— Их дети поженились, — сказал я. — Пара вовсе не идеальная.
— Говорят, не сегодня завтра Павленко получит генеральскую звезду и станет совсем большим начальником. Уж он разберется со всеми своими друзьями, родственниками и свойственниками. — В голосе его не было и духу насмешки. — Это все, что я знаю, ребята. А детали — они вам не нужны. Они у многих под носом, да носы у всех разные.

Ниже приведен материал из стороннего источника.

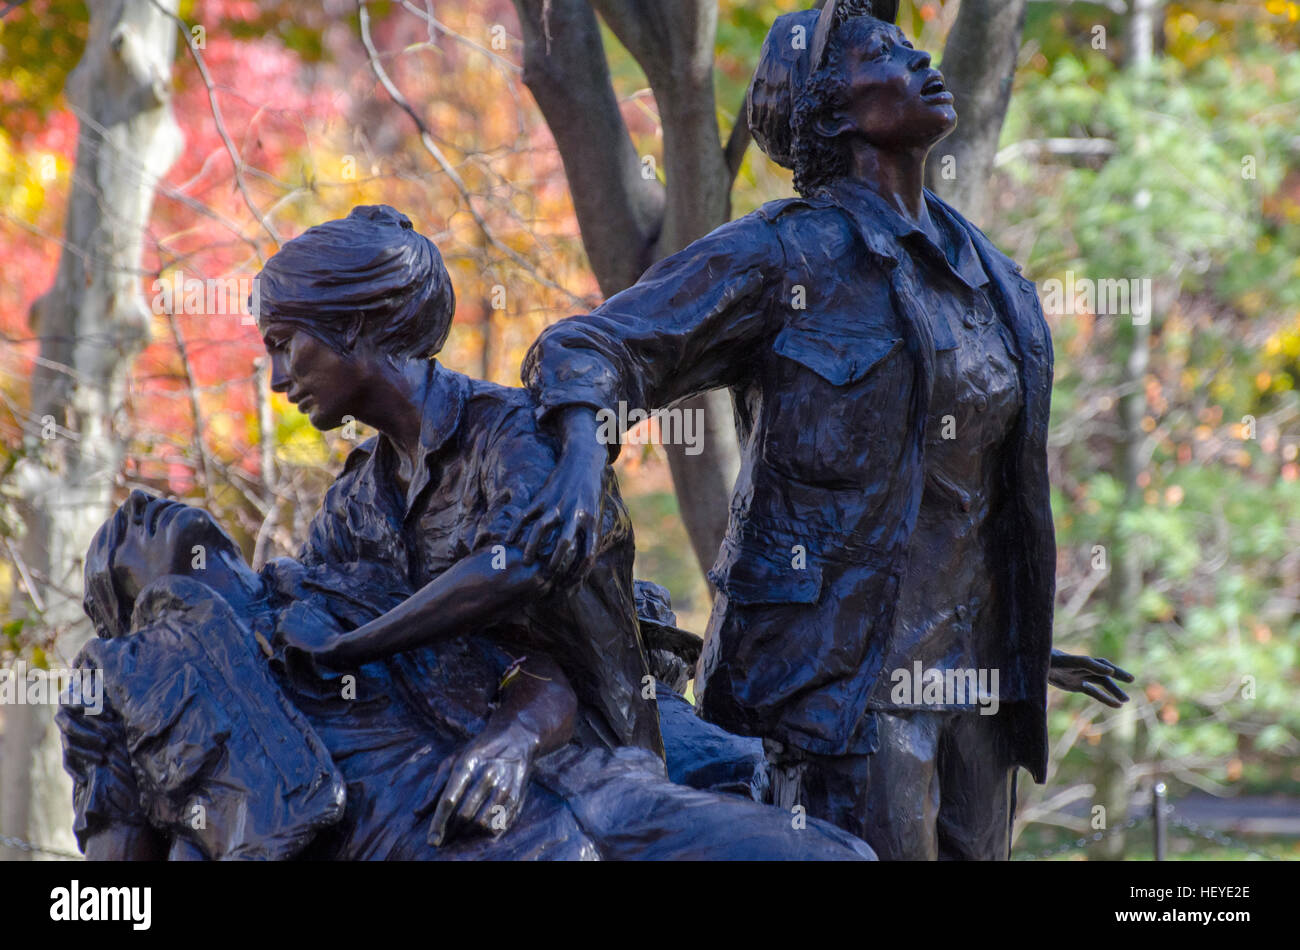 Le Vietnam Women's Memorial commémore les femmes, dont la plupart étaient des infirmières, qui ont servi dans la guerre du Vietnam. Banque D'Images
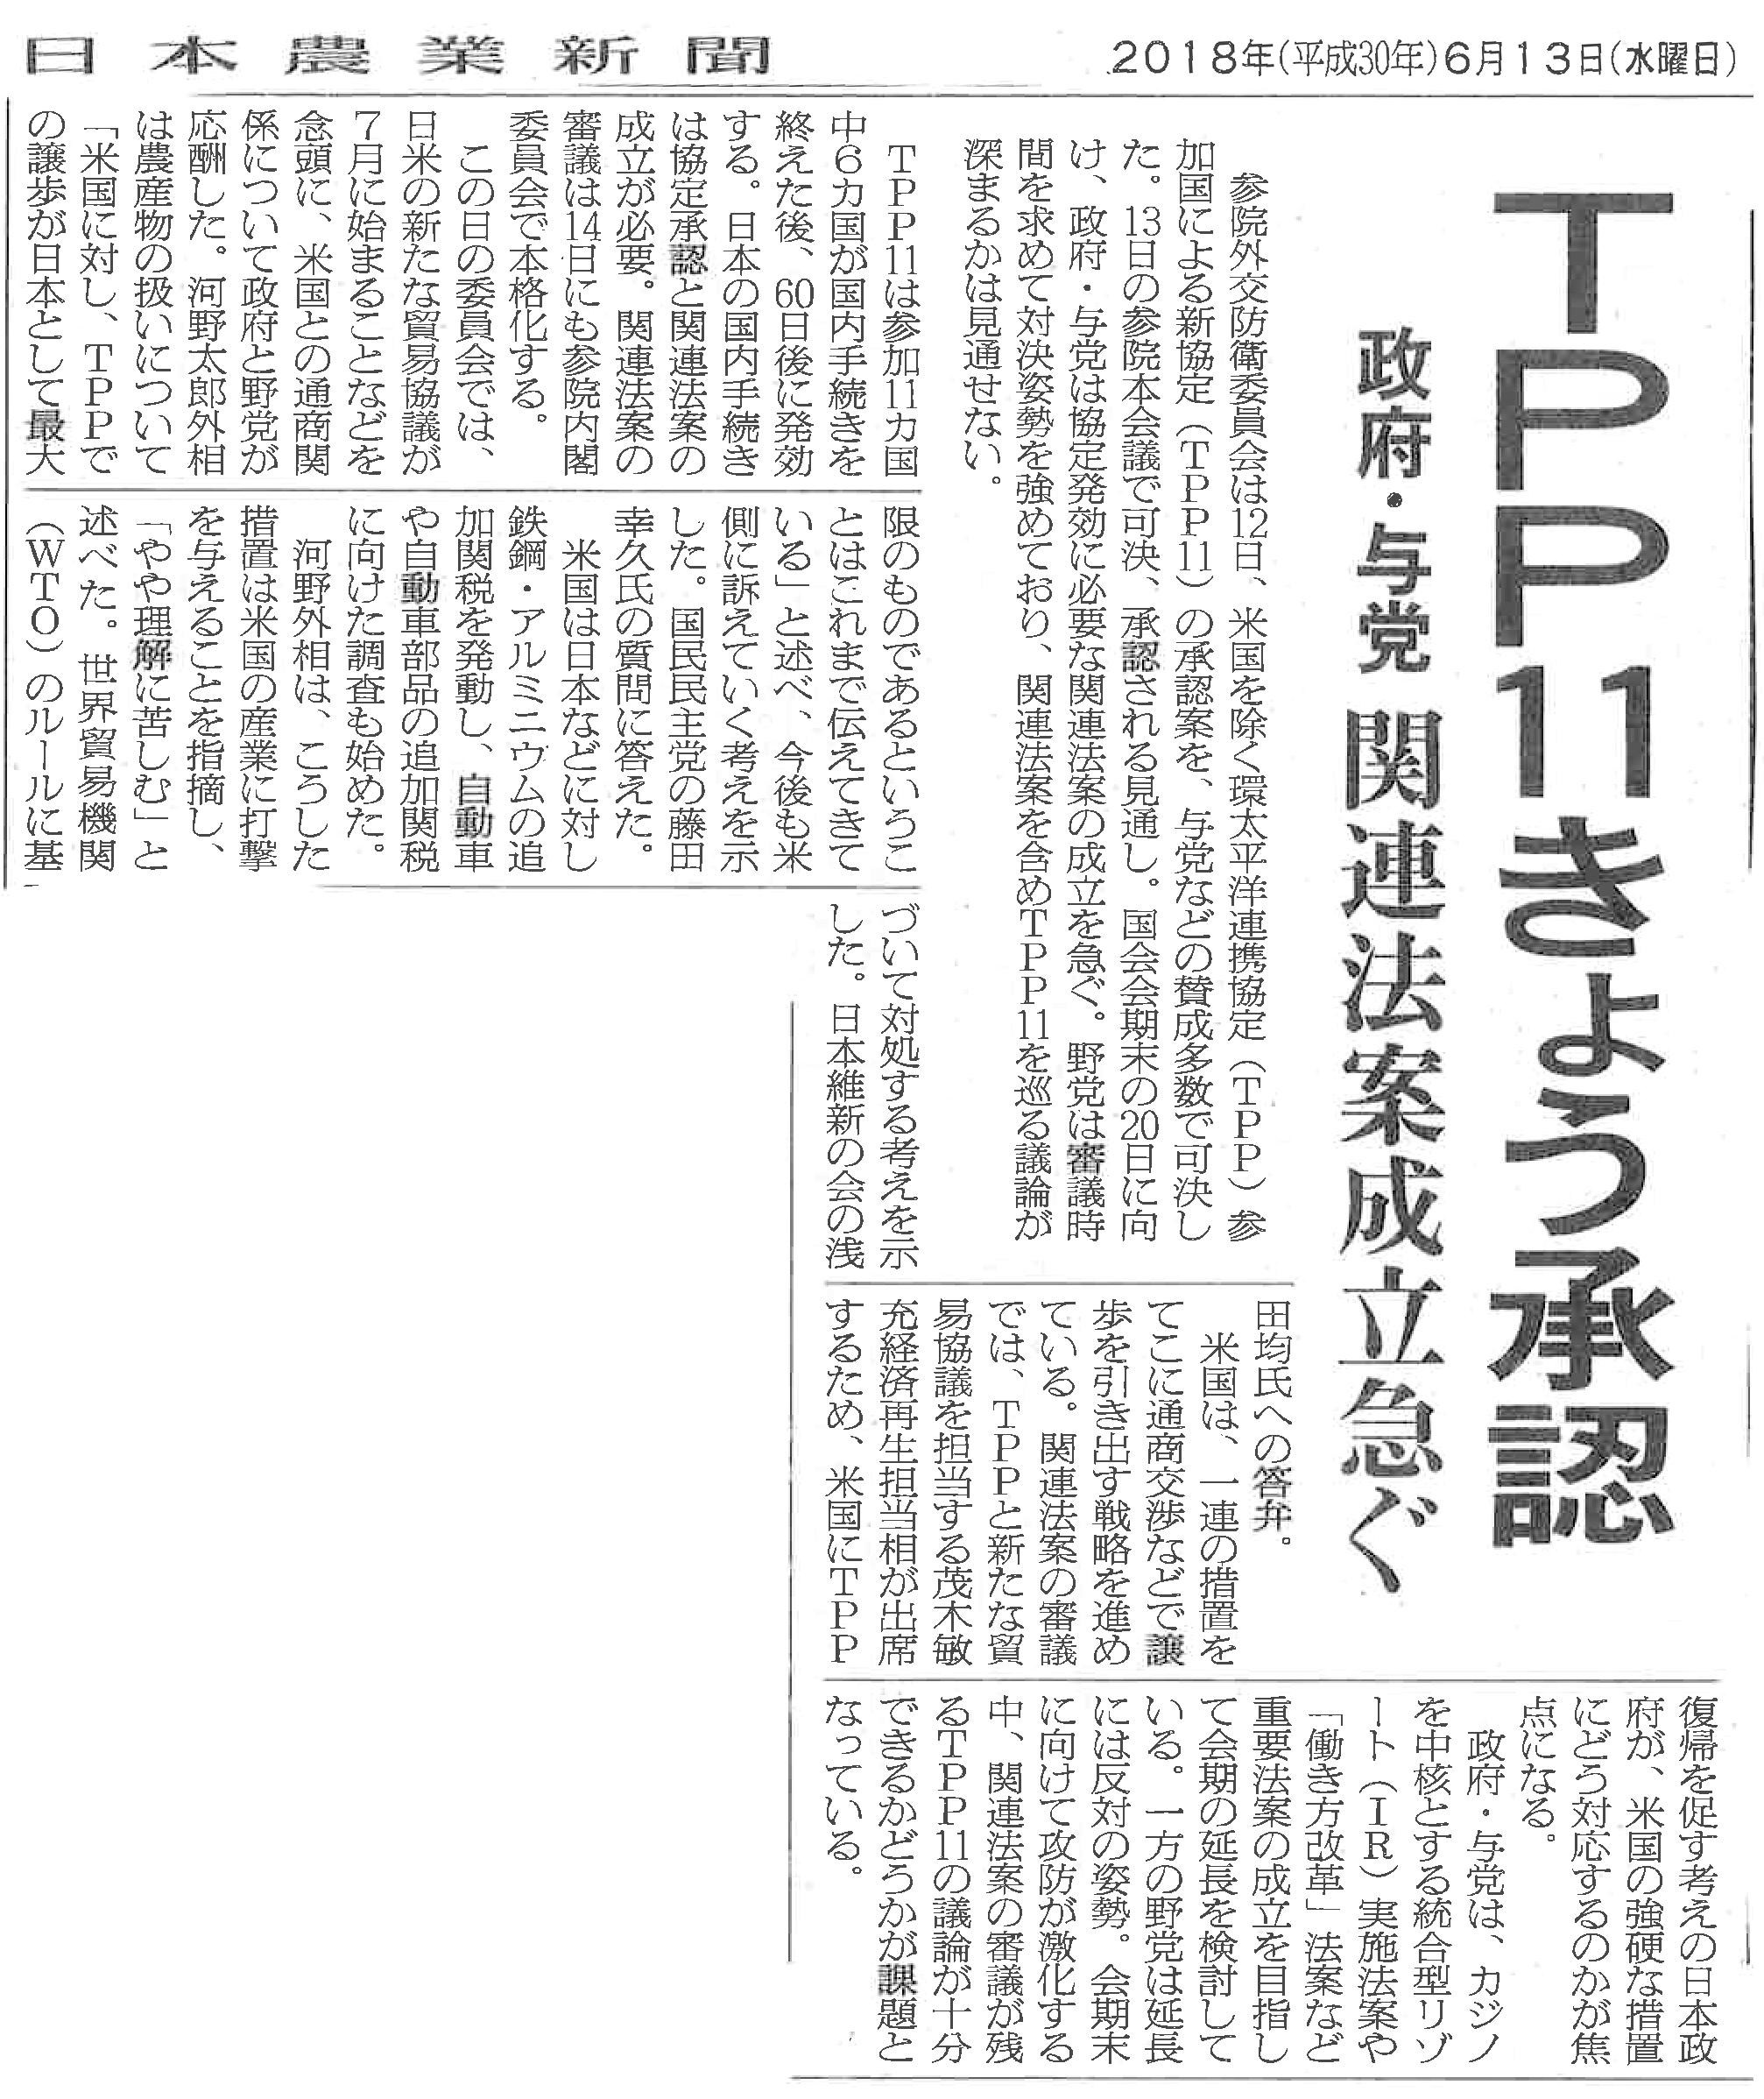 【日本農業新聞】TPP11きょう承認　政府・与党関連法案成立急ぐ
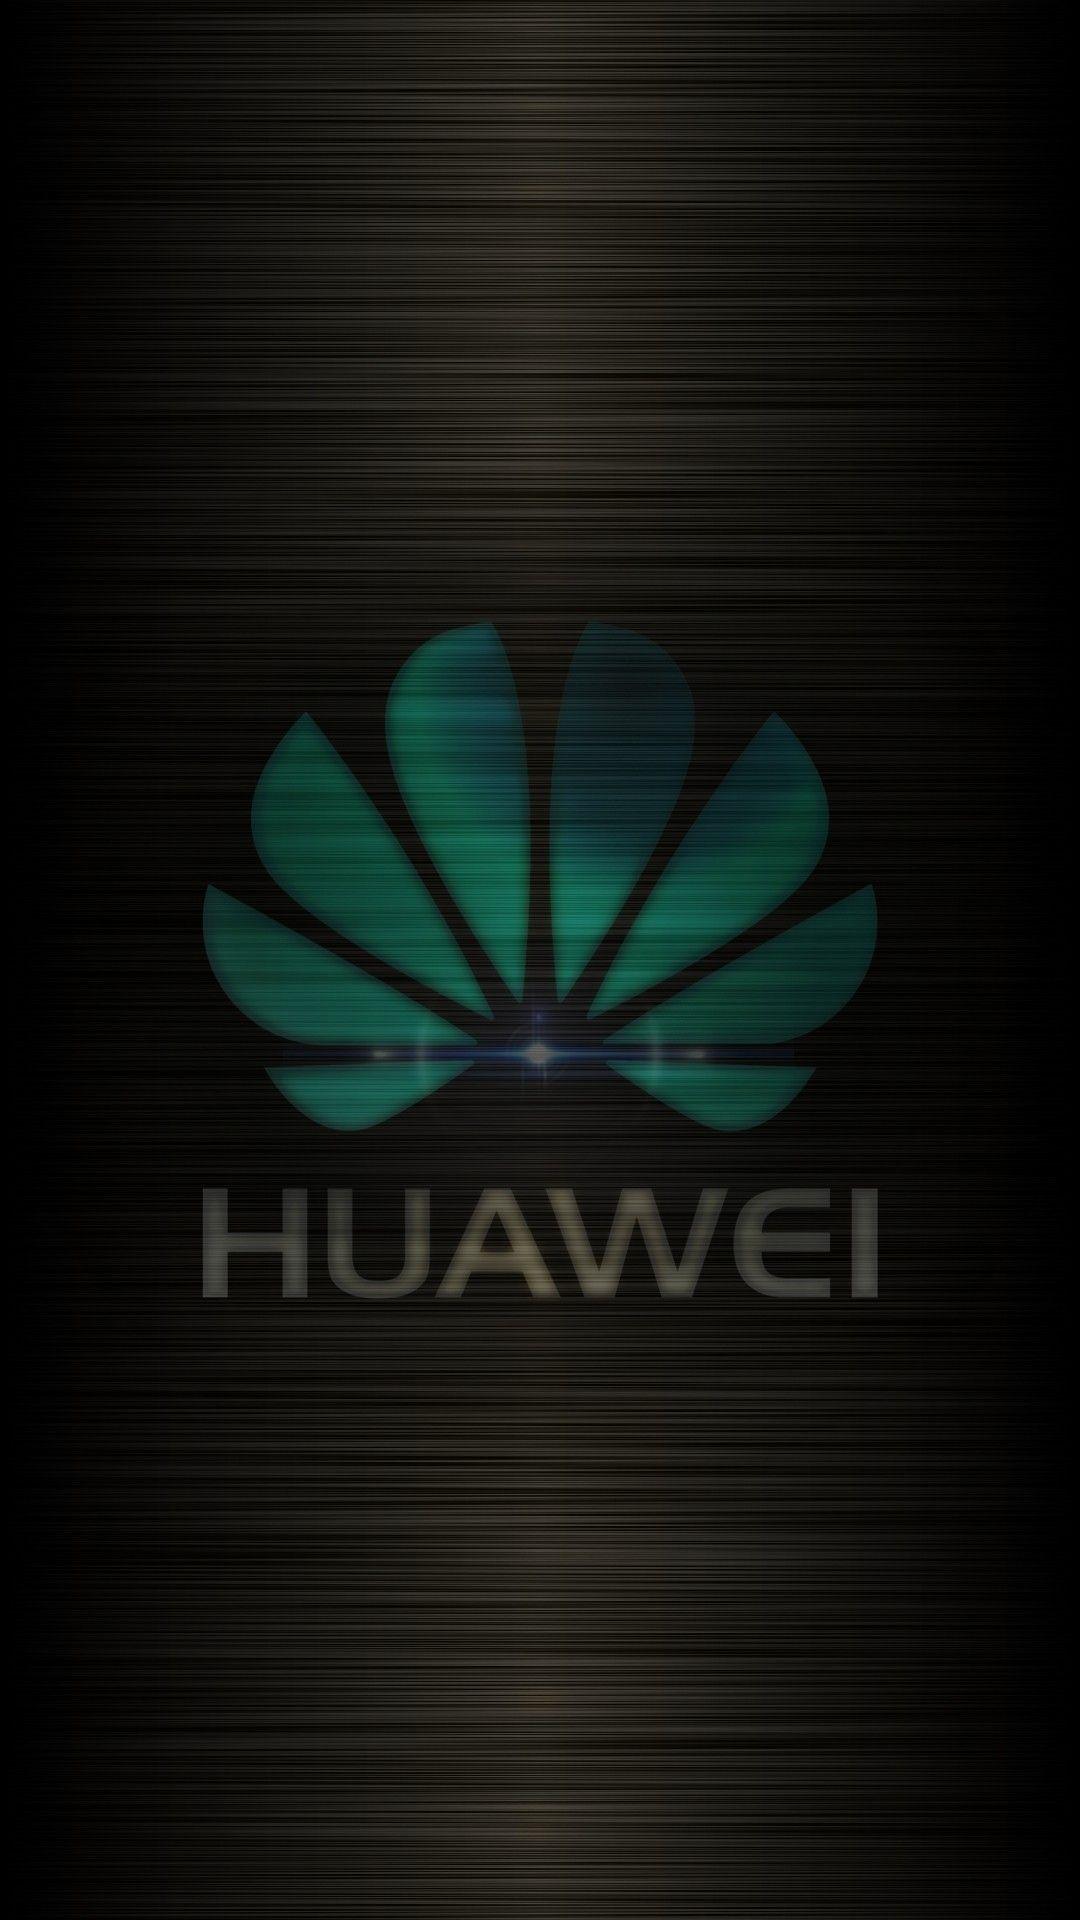 Huawei Wallpaper - [1080x1920]. Huawei wallpaper

Мы выпили по последней и усадили Муравьеда в такси. Он был важен и грустен.
— Хотел отличиться, а получил отлуп, — сказал Конь. — Жаль парня. Но когда его время придет, — а оно придет, — как бы такие чистые, честные, но обиженные дров не наломали… Пройдемся?
От Верхнего озера веяло прохладой и гнильцой. Гребцы пробурлили в последний раз к мосткам на противоположном берегу и понесли свои лодки в ангар.
— Lysis, — сказал я. — В переводе на русский — развязка фабулы. На других языках называется катастрофой. Что так, что этак.
— Значит, моему совету ты не последовал и семейными альбомами не пошуршал?
— Зачем? Я прямо спрошу у нее. Что это за друзья у нее… про пишущую машинку…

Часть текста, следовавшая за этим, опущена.